Westerns have had different ways of looking at violence. Leone looked at the build up. Peckinpah looked at the violence itself. Eastwood here looks at the moment after the violence and shows the heartbreaking consequences. Given this it is all the more shocking to see just how merciless and devastating Munny's furious assault on the saloon really is, with him shooting unarmed and wounded men just for the sake of completeness. There is a question of motivations though-before he was in it for the money, but when a personal element is added to the mix the results are volcanic. But this is no blaze of glory for Munny, but something that has to be done, and although treated in a callous way there is a sense that this will have consequences as far reaching as before. Munny has failed in his attempt to reform himself, and the purpose of his life is defeated. There is a suggestion that Munny is damned-there is a moment in the carnage where Munny stops for a drink. The scene is shot so that Eastwood appears to have no reflection the large mirror placed above the bar. More obvious is the following exchange between Munny and Sheriff Dagget (Gene Hackman):

"See you in Hell, William Munny" "Yeah."

The way the climax is presented would be perhaps more appropriate for a more lurid western, with most shots going wild-far more shots are fired than are strictly necessary, in true action film tradition. This is just the point though, as the end is supposed to be at odds with the grittily realistic nature of the rest of the film. The end result is a powerful message powerfully put across.
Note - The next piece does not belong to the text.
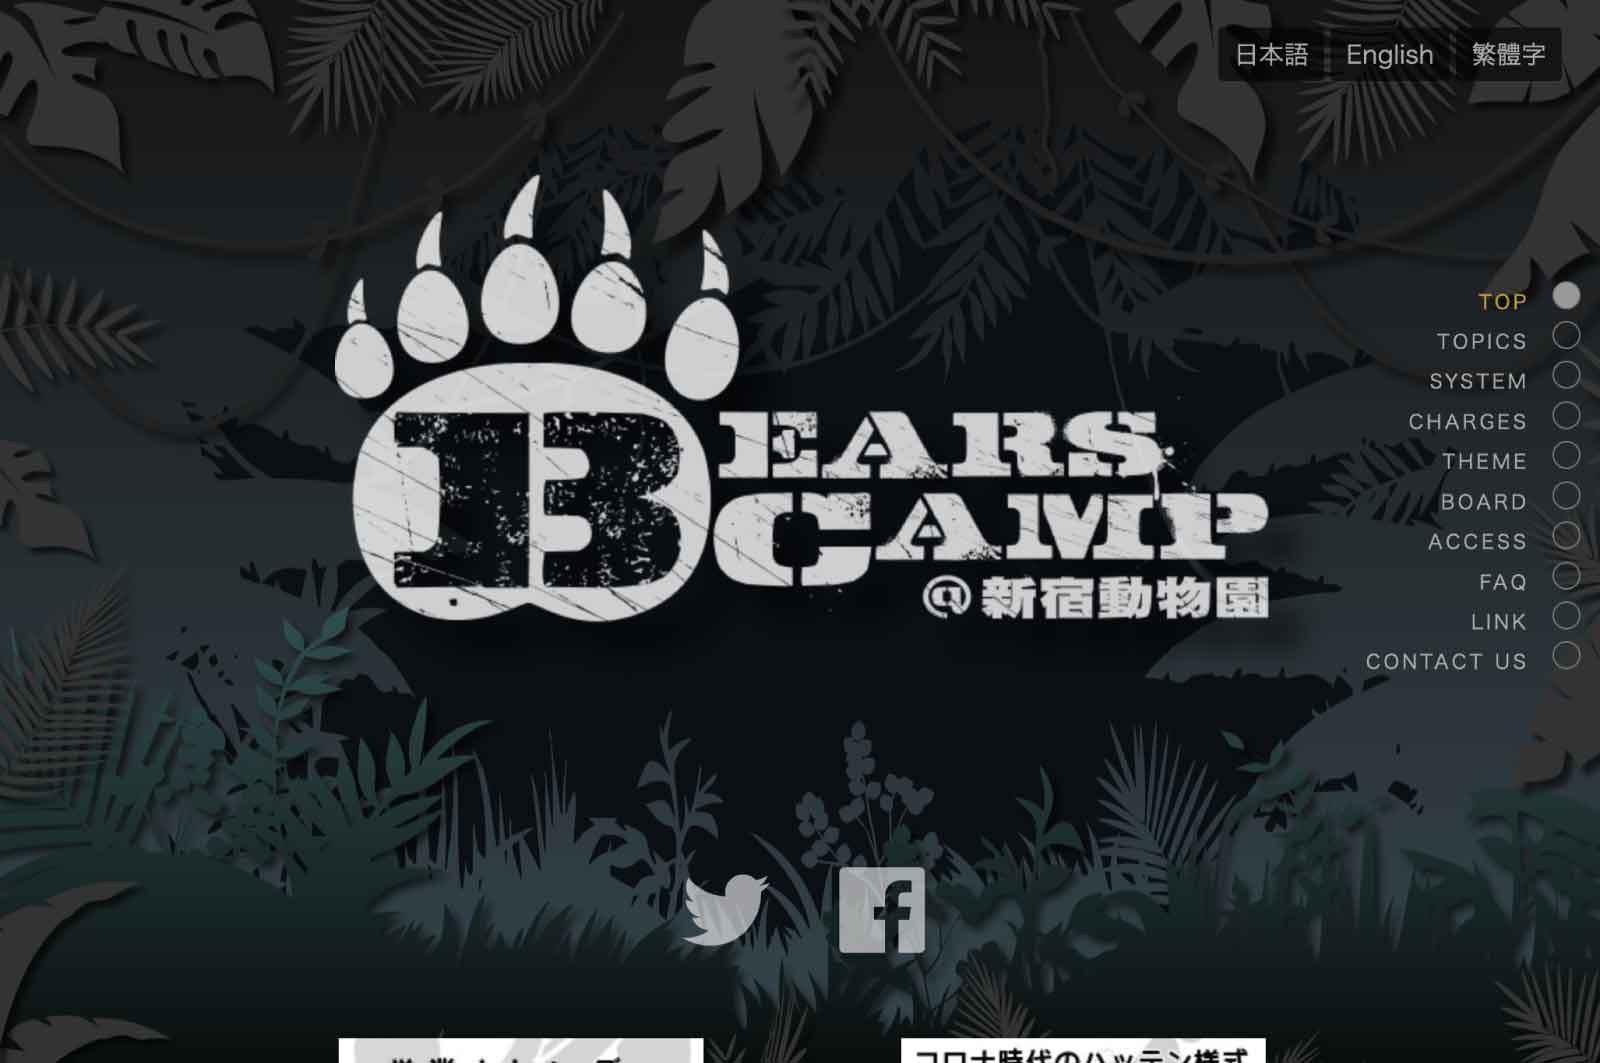 BEARS CAMP

That is not to say that other westerns that do not necessarily share this sentiment (at least to this level) are less powerful-the theme of 'Once Upon A Time In The West' is equally strong and affecting, but the message is different and presented in a different way. 'Unforgiven' proves though, both to the writer W.W. Beauchamp (Saul Rubinek) and to the audience, that there is a flip side to every story and a dark side to every man.
Conner R

Super Reviewer

January 24, 2010
This was the best possible way for Clint Eastwood to retire from westerns. He gave his first really unique directing job and one of his better performances. Gene Hackman and Morgan Freeman also gave strong performances. In many ways it is also the death of the American Western, taking all the glory out of gunslingers. However, it honors the genre in every way possible. It's shot beautifully and uses all the great tension filled techniques. The scene with English Bob in the jail is amazing still.